_HOW TO COMPLETE THIS TASK_.
Starting at the line with "Students in classroom", copy each line through the last one below exactly as written, without any pictures.

_DATA SHOWN_.
↓

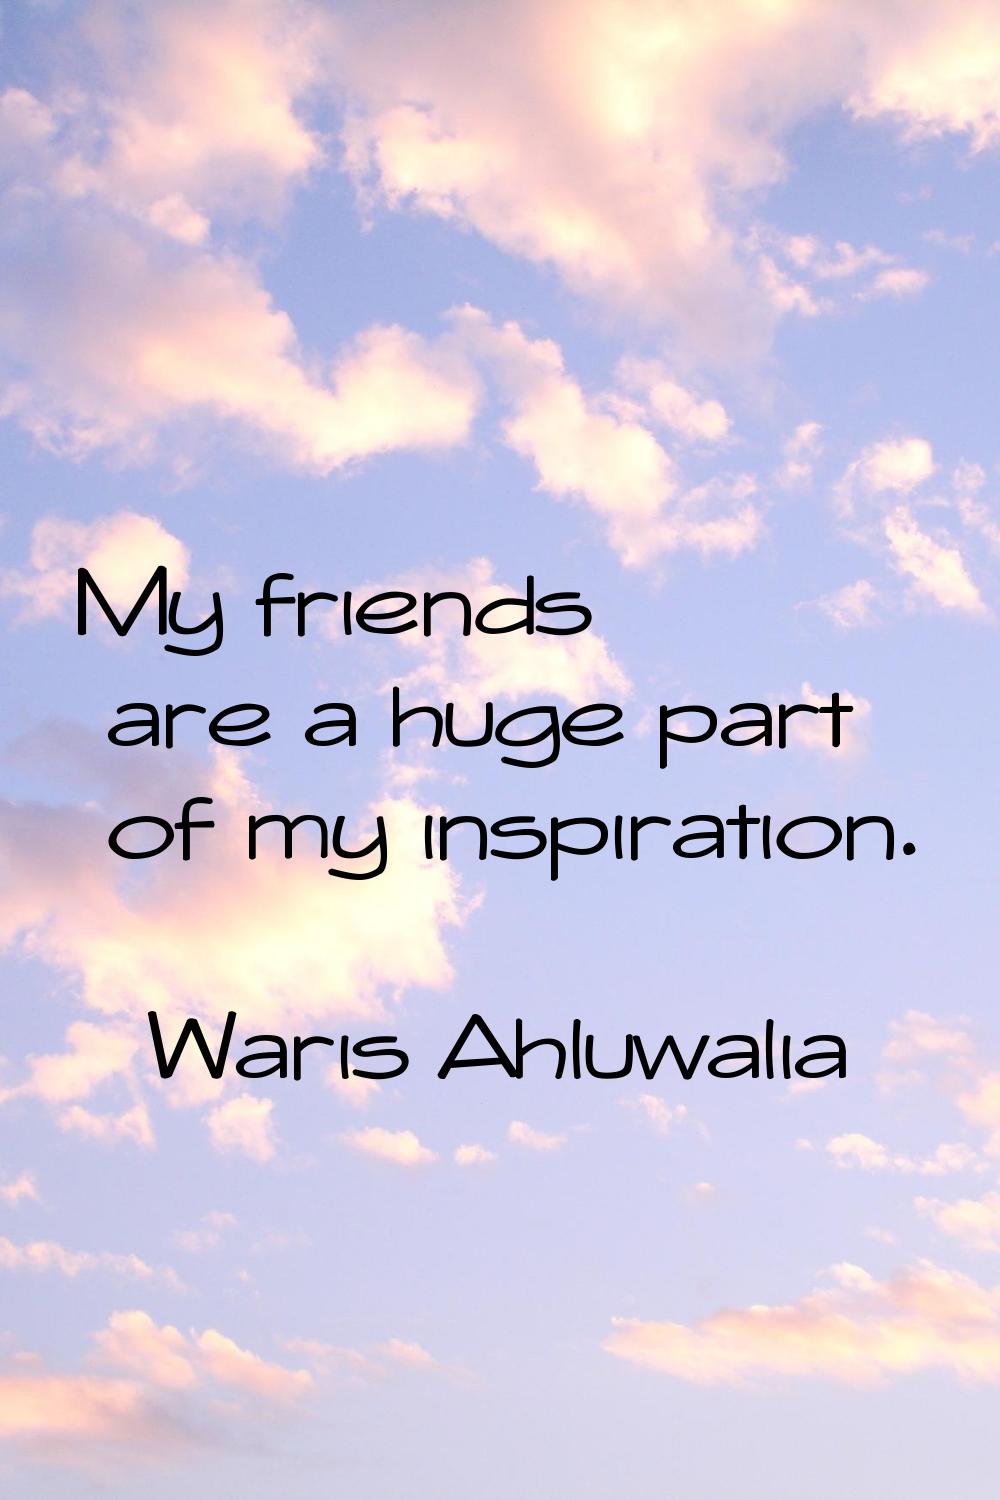 My friends are a huge part of my inspiration.
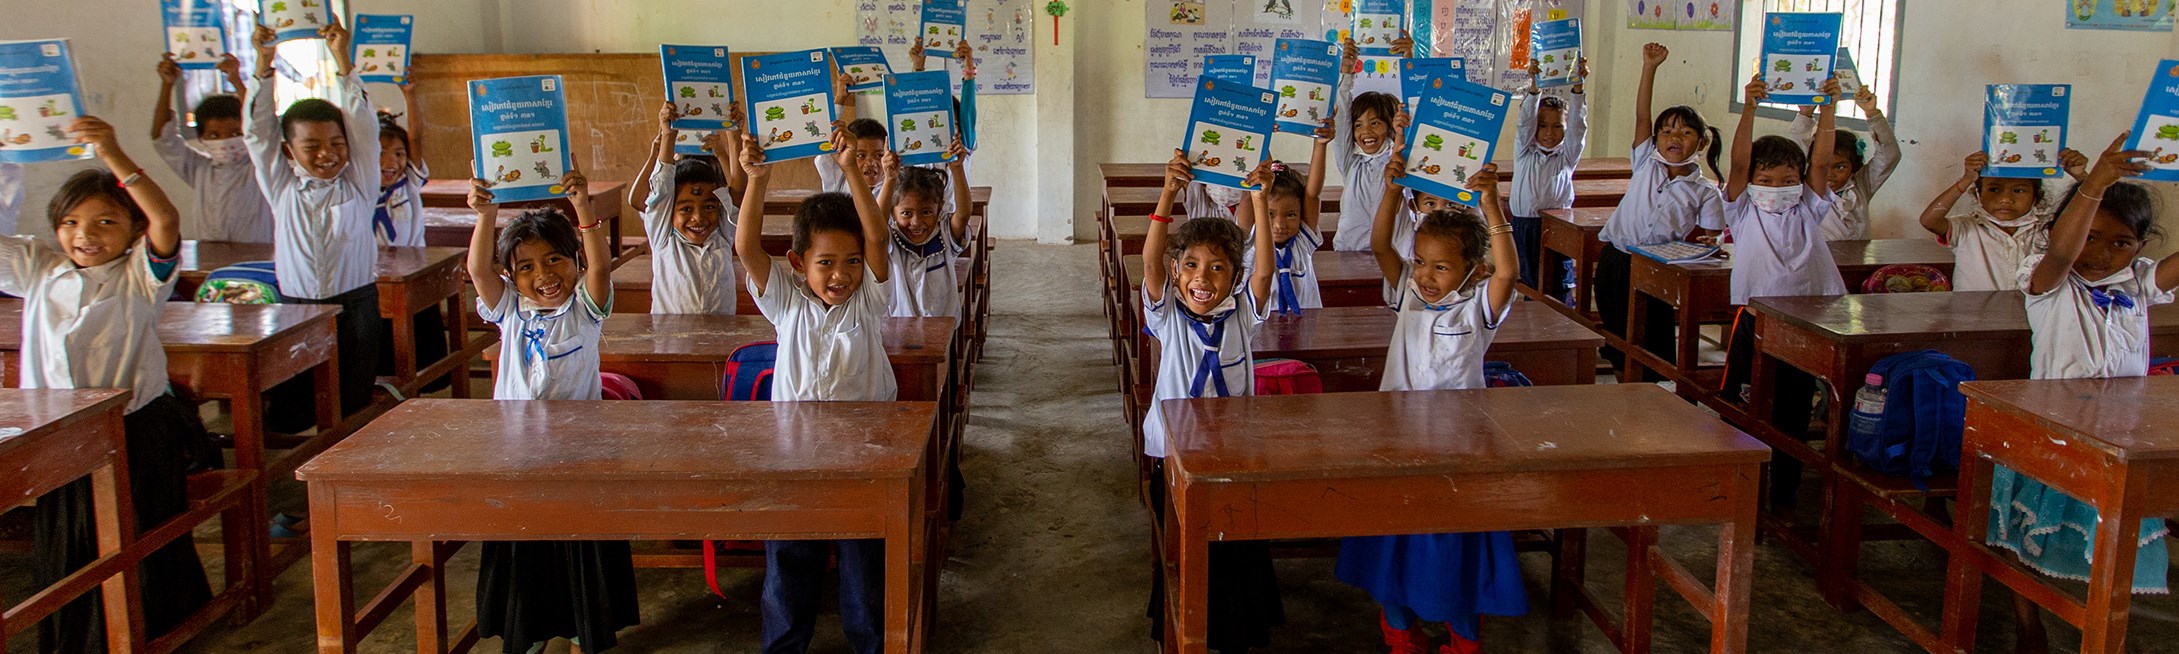 Students in classroom holding up books and smiling
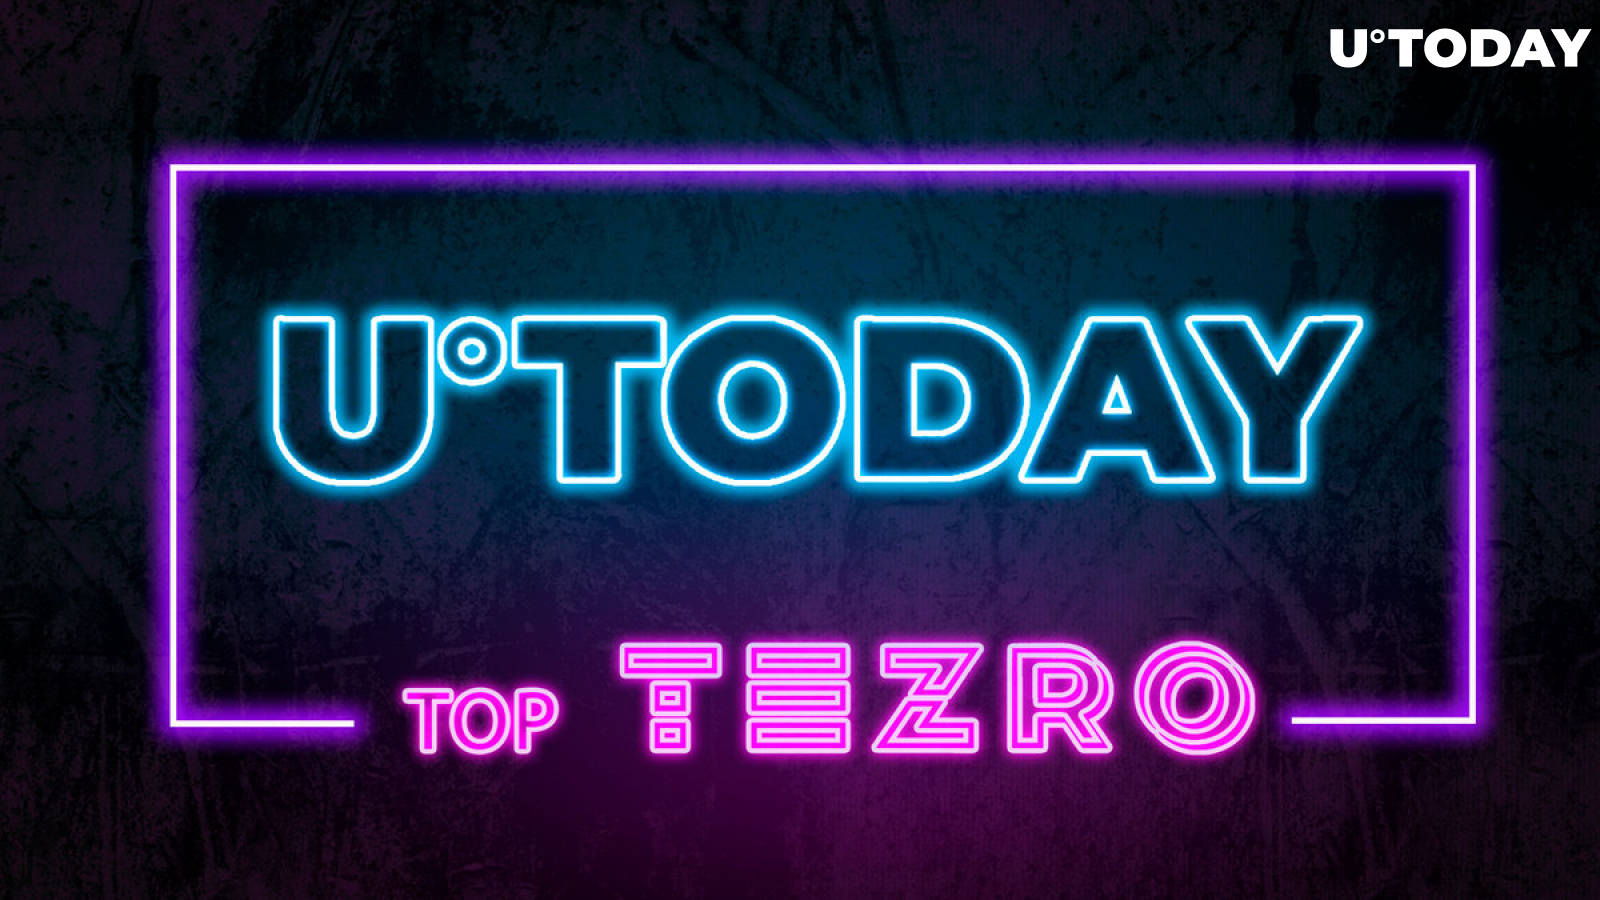 U.Today Enters Top of Best Crypto News Websites, According to Tezro

↑

_COMPLETED TASK_.
 Students in classroom holding up books and smiling
 U.Today Enters Top of Best Crypto News Websites, According to Tezro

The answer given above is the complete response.